Problem description -> Please keep the images out and set down the data exactly as given.
------ Data segment
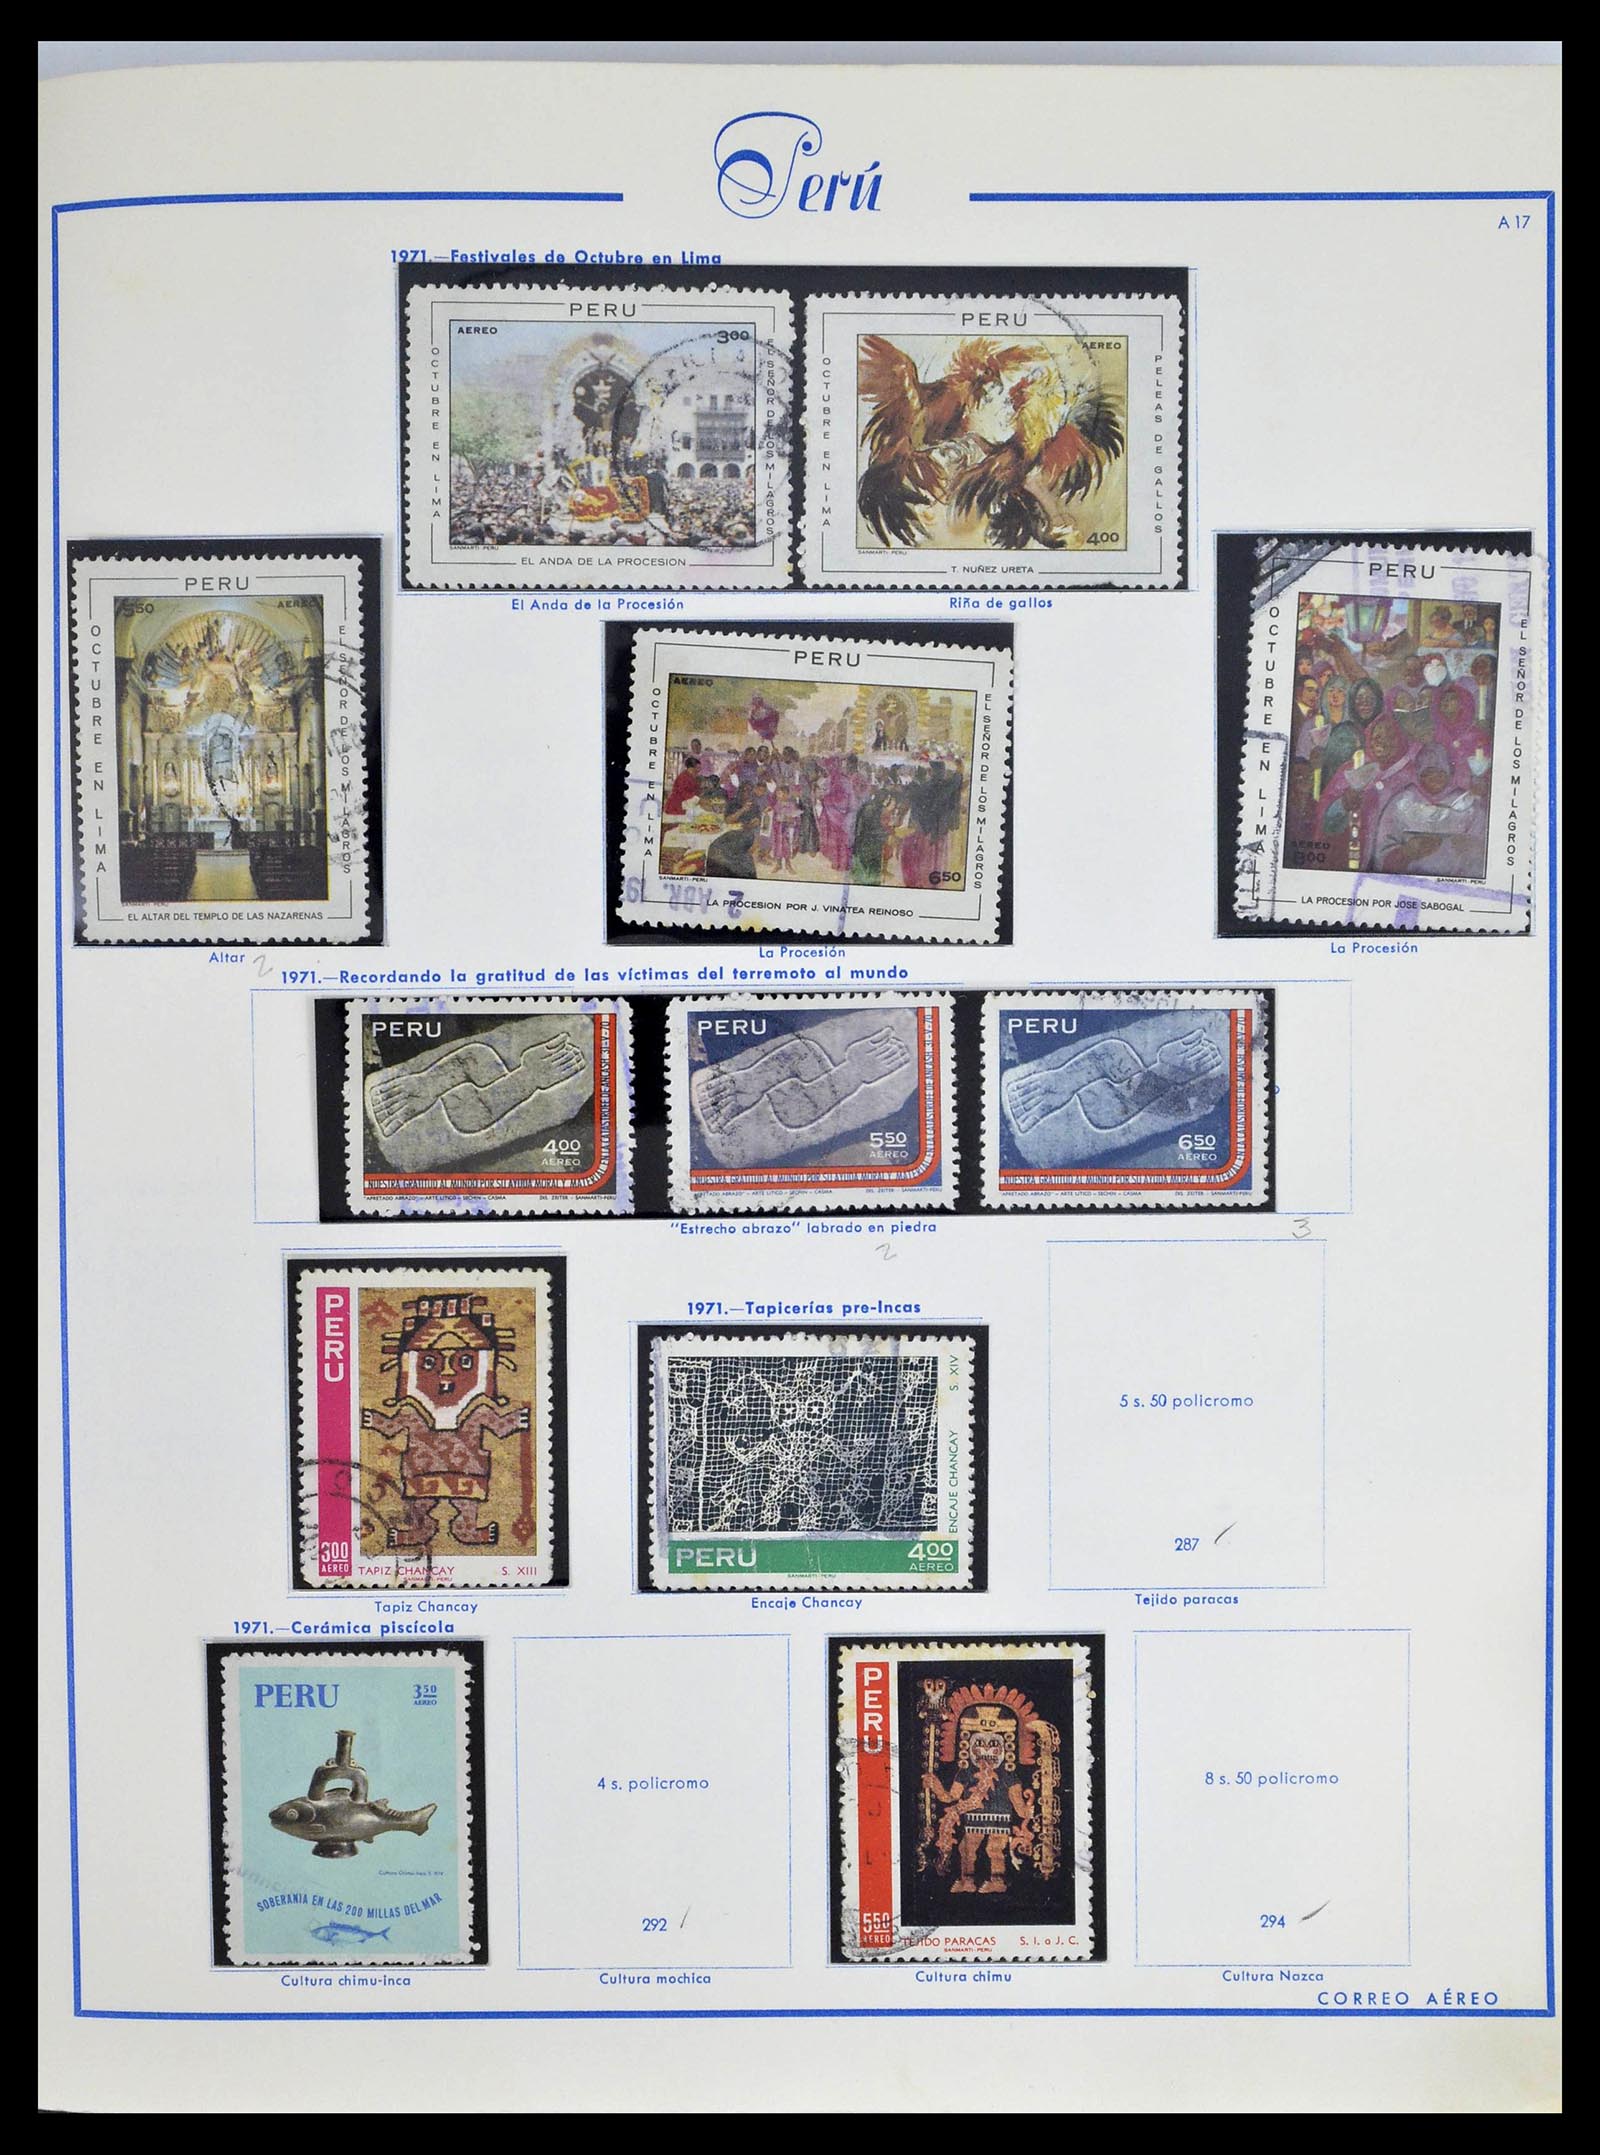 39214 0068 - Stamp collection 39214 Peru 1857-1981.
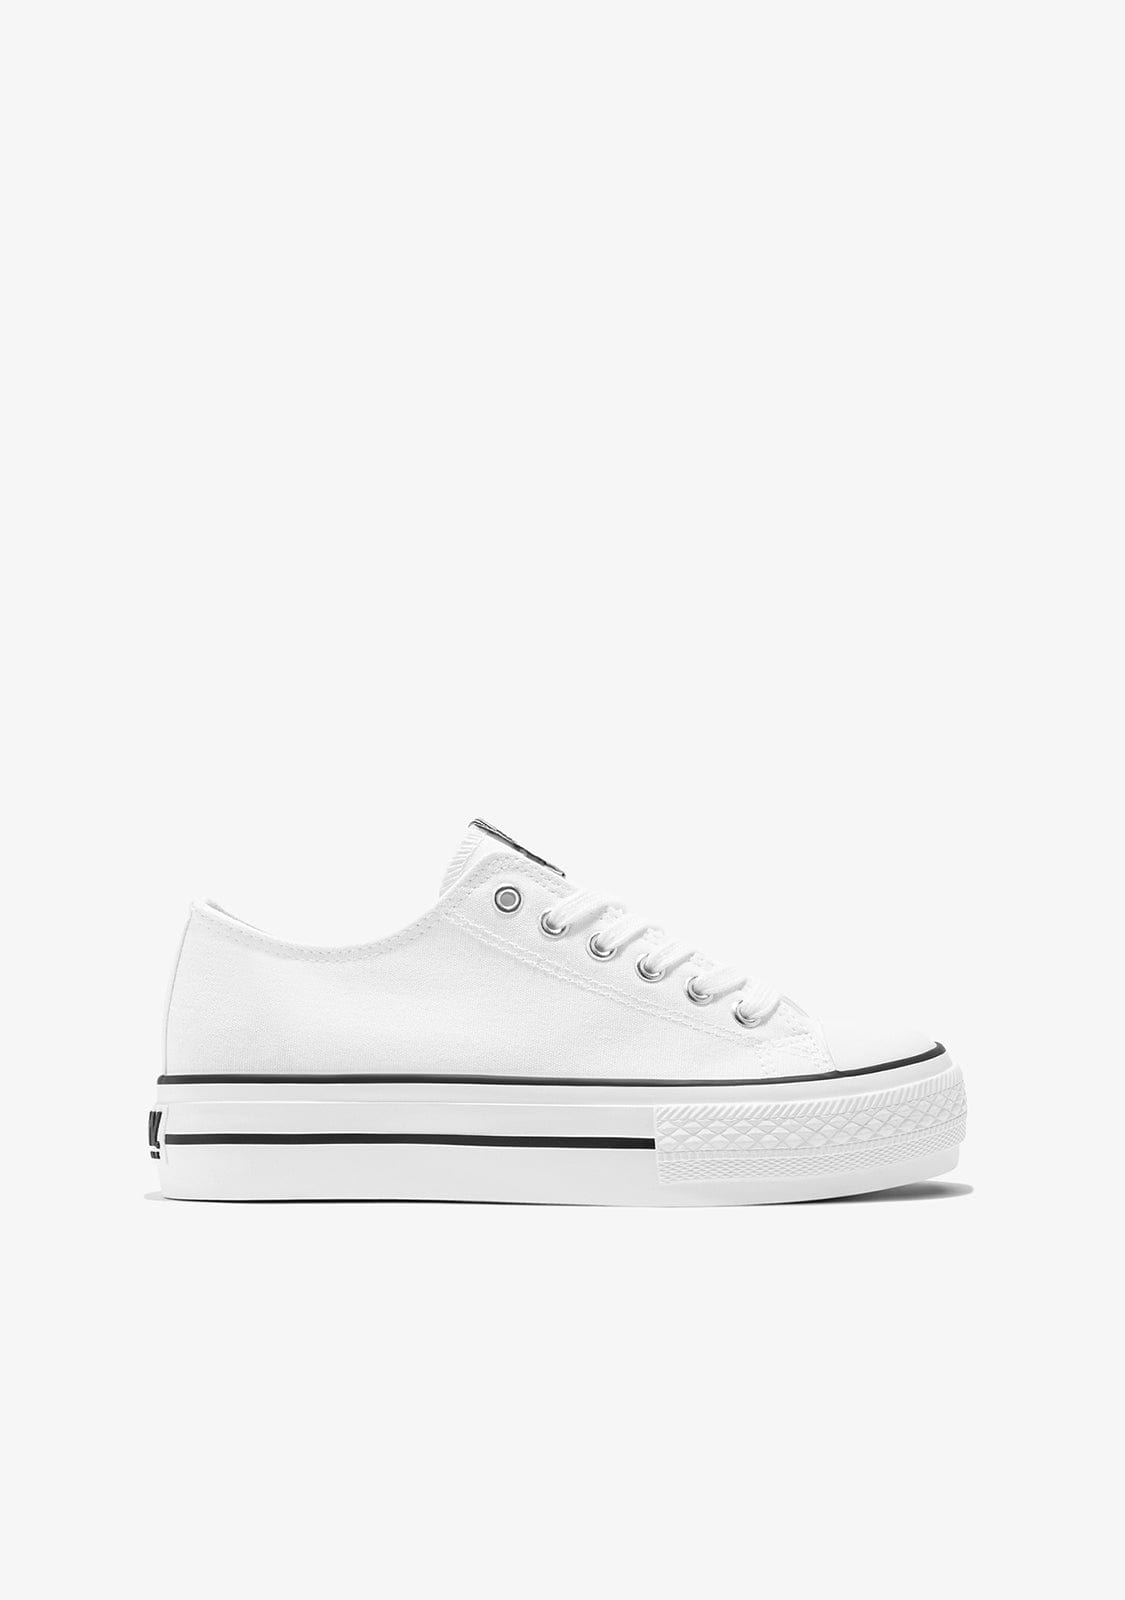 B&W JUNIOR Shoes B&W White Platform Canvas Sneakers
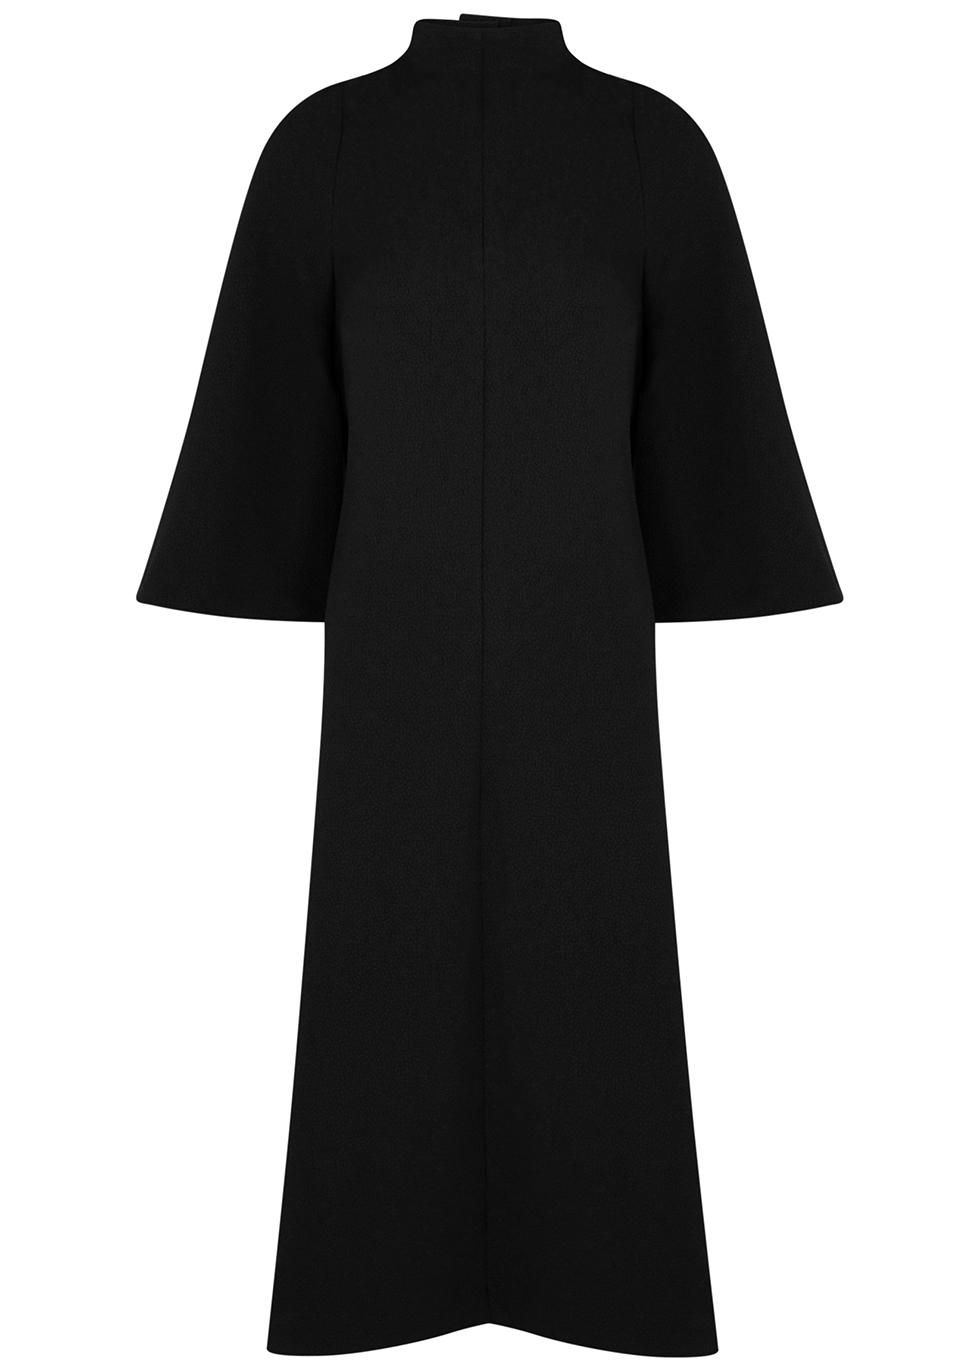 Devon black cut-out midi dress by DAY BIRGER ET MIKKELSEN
------------
Answer area ->
 39214 0068 - Stamp collection 39214 Peru 1857-1981.
 B&W JUNIOR Shoes B&W White Platform Canvas Sneakers
 Devon black cut-out midi dress by DAY BIRGER ET MIKKELSEN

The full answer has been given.